Auf unserem Weg ist uns bewusst geworden, dass psychische Stabilität nicht wie der Inhalte eines Lehrplans vermittelt werden, oder als Ziel in einem Hilfeplan vereinbart werden kann. Die Psychologie tut sich schwer, Methoden zu benenne, durch die die psychische Widerstandskraft gestärkt werden kann. Unsere Erfahrungen weisen in eine ganz andere Richtung. Resilienz ist keine Kompetenz, sondern hängt am Vertrauen, das eine Person in sich und in das Leben fassen kann. Resilienz ist ein anderes Wort für das Lebensfundament, auf dem das Lebenshaus steht. Ist dieses Fundament unerschütterlich fest, dann können es auch die Stürme des Lebens nicht erschüttern und es bleibt auch bei einem psychischen Erdbeben stabil. Ein anderes Wort für dieses Lebensfundament ist Urvertrauen. Die Erfahrung mit traumatisierten Menschen hat diese Erkenntnis immer wieder bestätigt. Misstrauen, in sich, in Beziehungen und in das Leben allgemein, ist der tiefere Grund für das Misslingen.
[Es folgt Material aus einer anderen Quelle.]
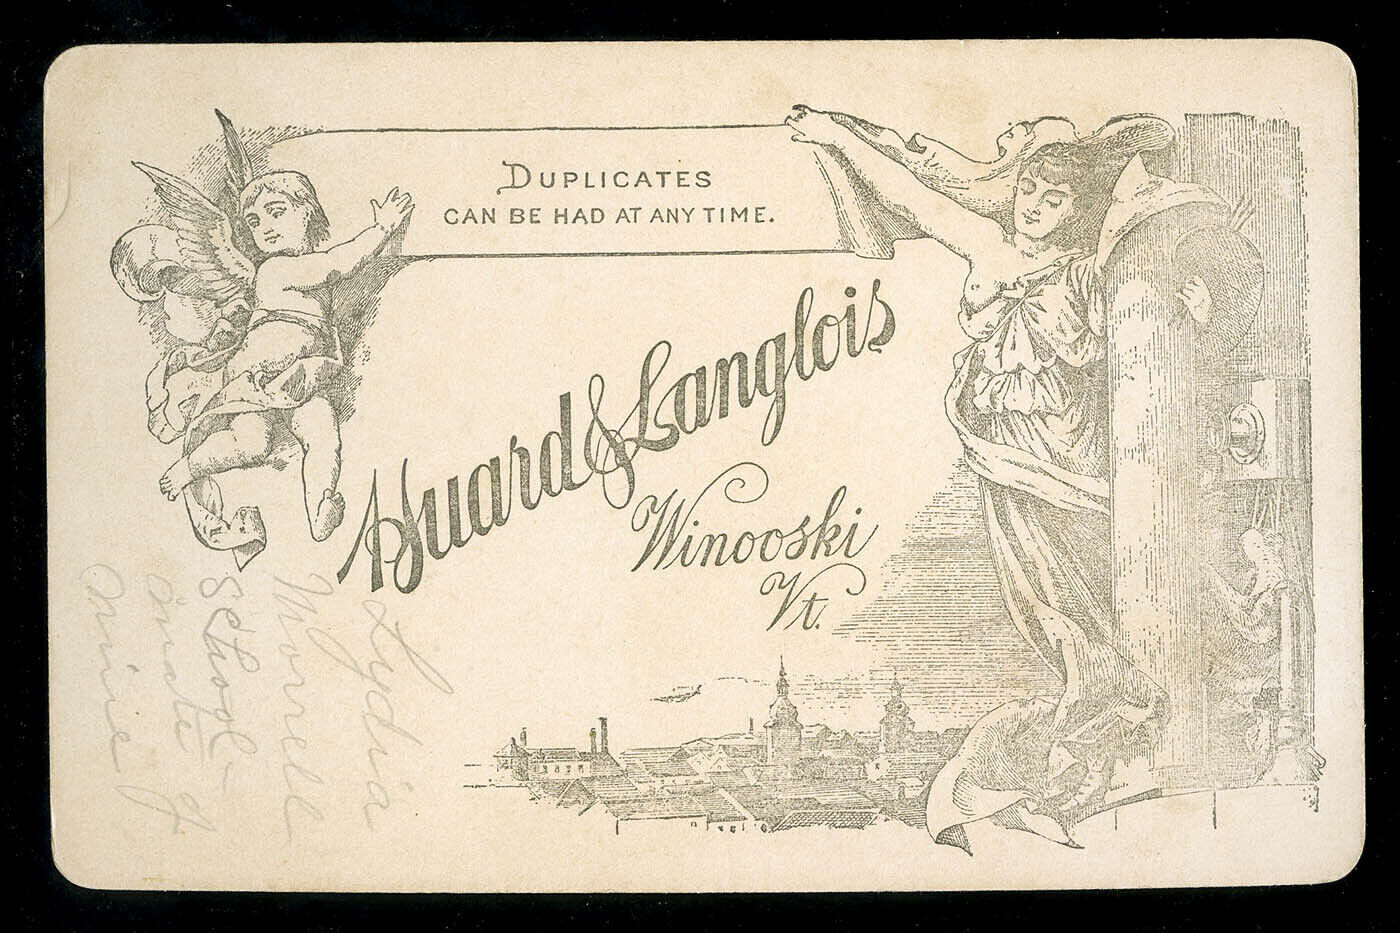 1890s WINOOSKI, VERMONT Cabinet Card Huard & Langlois Photographer - CHERUB LOGO

So stellte sich uns die Frage, wie wir dieses Urvertrauen, als das Immunsystem der Seele, stärken können. Wie gesagt, ist Vertrauen keine Technik und keine Kompetenz. Vertrauen wächst durch Vertrauen, ein anderes Wort für die Liebe zum Kind. Urvertrauen, als das große Vertrauen, wächst durch bedingungslose Liebe, das heißt, auch für das Kind da zu bleiben, auch wenn Probleme auftreten, die normal eine Entlassung rechtfertigen würden.

3. Arche

Am Ende dieser Gedanken ein Blick zurück zu unserem Fundament: die Beziehung zu unseren Kindern. Stellt man sich dieser „elterlichen“ und „familiären“ Beziehung und den sich daraus ergebenden Konsequenzen, dann ist man selbst in dieser Beziehung gebunden. Beziehung ist immer symmetrisch. Diese hat für uns erhebliche Konsequenzen: unseren Kindern wieder eine elterliche und familiäre Beziehung zu bieten, bindet uns in gleicher Weise. Freud hat dies technisch als Gegenübertragung bezeichnet, die in der therapeutischen Beziehung zeitlich befristet ist, die vorrangig an Erwachsenen ausgerichtet war. Bei einem Kind können die elterlichen, familiären und heimatlichen Übertragungen nicht einfach abgeschaltet werden. Eine elterliche Prägung wird in das psychische „Erbgut“ des Menschen geschrieben, die lebenslang bestehen bleibt. Gerade am Gelingen dieser Neuprägung hängt das Gelingen, wie es die Betroffene ausdrückt: „Wir müssen es auf anderen Wegen betreten, auf einer Brücke, die uns ein Mensch in seiner Liebe baut“.

Diese elterliche Bindung stellt uns in eine elterliche Verantwortung, die nicht mit dem Ende der Maßnahme, das heißt, der Einstellung der Kostenübernahme, endet. Daher ist es unsere Absicht, den Kindern, die keine Rückkehroption in ein Elternhaus haben, eine elterliche Fürsorge auch über die Maßnahme hinaus zu bieten, wie es im Normalfall Eltern tun. Diese Fürsorge umfasst die Verantwortung für die erste und die zweite Schwelle ins berufliche und soziale Leben und die Bereitschaft, unterstützend und auffangend bei Problemen da zu sein.

Besondere Probleme ergeben sich bei Kindern, die über keine soziales Netz verfügen und die auf Grund ihrer geringen Begabungen nur schwer auf dem allgemeinen Arbeitsmarkt integriert werden können. Gerade für diese Kinder sehen wir in der Zukunft erhebliche Probleme. Wir haben uns dieser Verantwortung gestellt und Lebens- und Arbeitsbereiche gestaltet, die diesen Kindern ein Leben in Würde ermöglichen sollen, wie es früher in einem ganzheitlichen Lebenskonzept der Fall war.